One example that works is $a_2=\frac{2}{3}$ and $b_2=\frac{4}{7}$, then $a_1 = \frac{484}{441}$ and $b_1 = \frac{16}{21}$. Indeed, if we plug in $\sqrt{\frac{484}{441}+\frac{16}{21}\sqrt{2}}$, we get $\frac{2}{3}+\frac{4}{7}\sqrt{2}$.

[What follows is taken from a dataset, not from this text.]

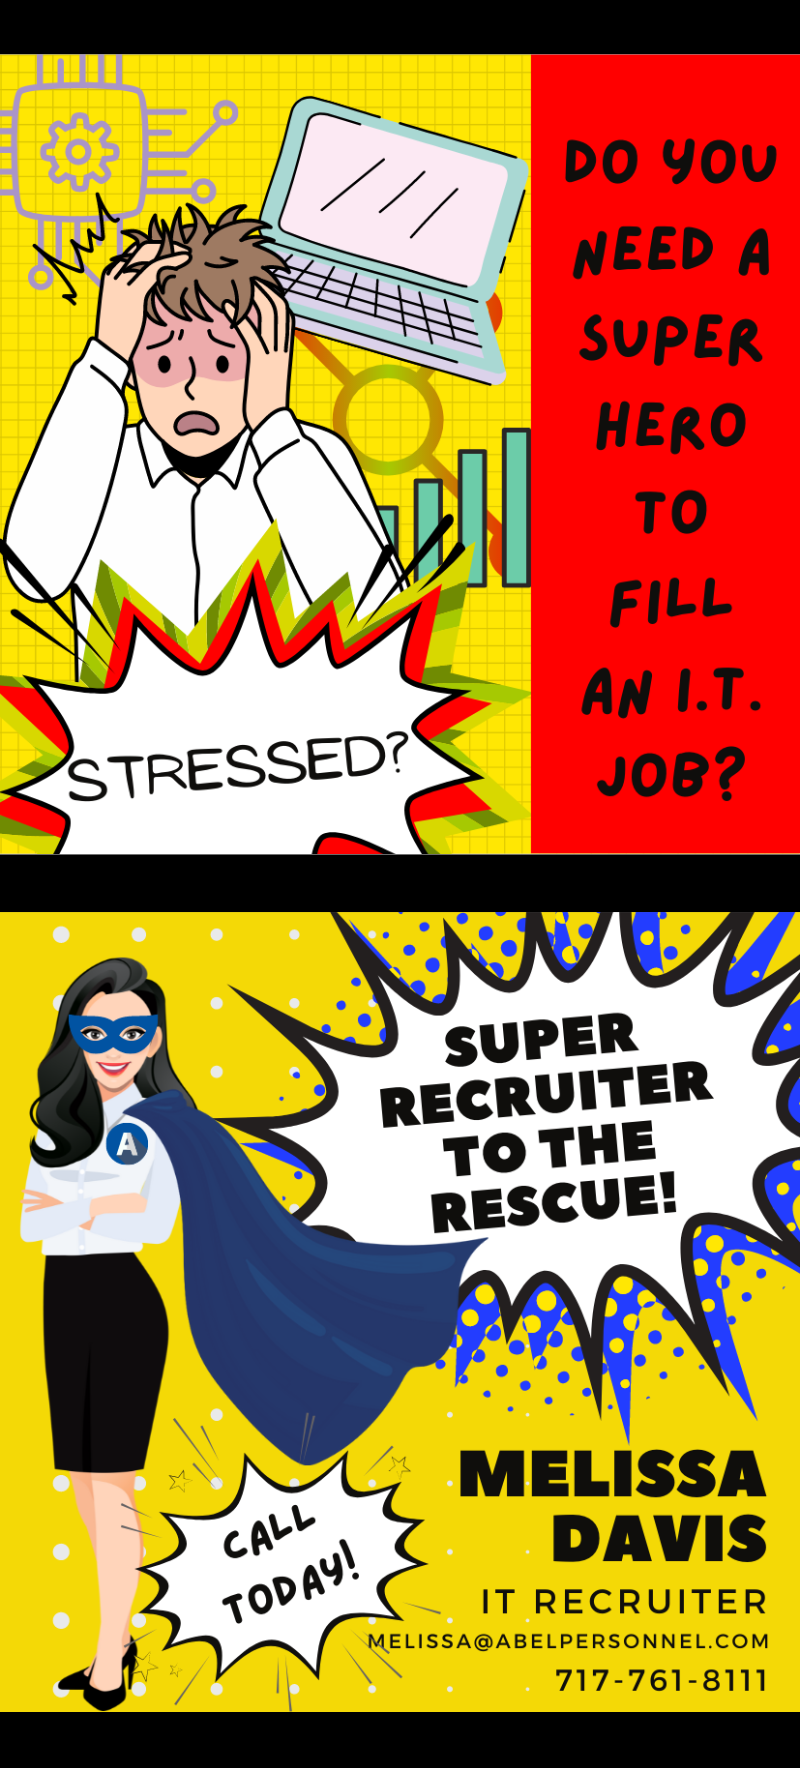 Super Recruiter for IT Jobs

However, a counter example would be one that doesn't follow the formulas. For example, if we have $\sqrt{\frac{483}{441}+\frac{16}{21}\sqrt{2}}$ (the numerator of the "a" term was changed), it has no rational square roots of the form $a+b\sqrt{2}$
$\square$
Let $\alpha = a+b\sqrt{2} \in \mathbb{Q}[\sqrt{2}]$ be such that $\alpha^2=\sqrt{2}$. Then we get \begin{align*} (a+b\sqrt{2})^2 & = \sqrt{2}\\ a^2+2b^2+2ab\sqrt{2} & = \sqrt{2}. \end{align*} This yields \begin{align*} a^2+2b^2 & = 0\\ 2ab & = 1. \end{align*} But this has no solutions for $a,b \in \mathbb{Q}$. Thus there is no square root of $\sqrt{2}$ inside $\mathbb{Q}[\sqrt{2}]$.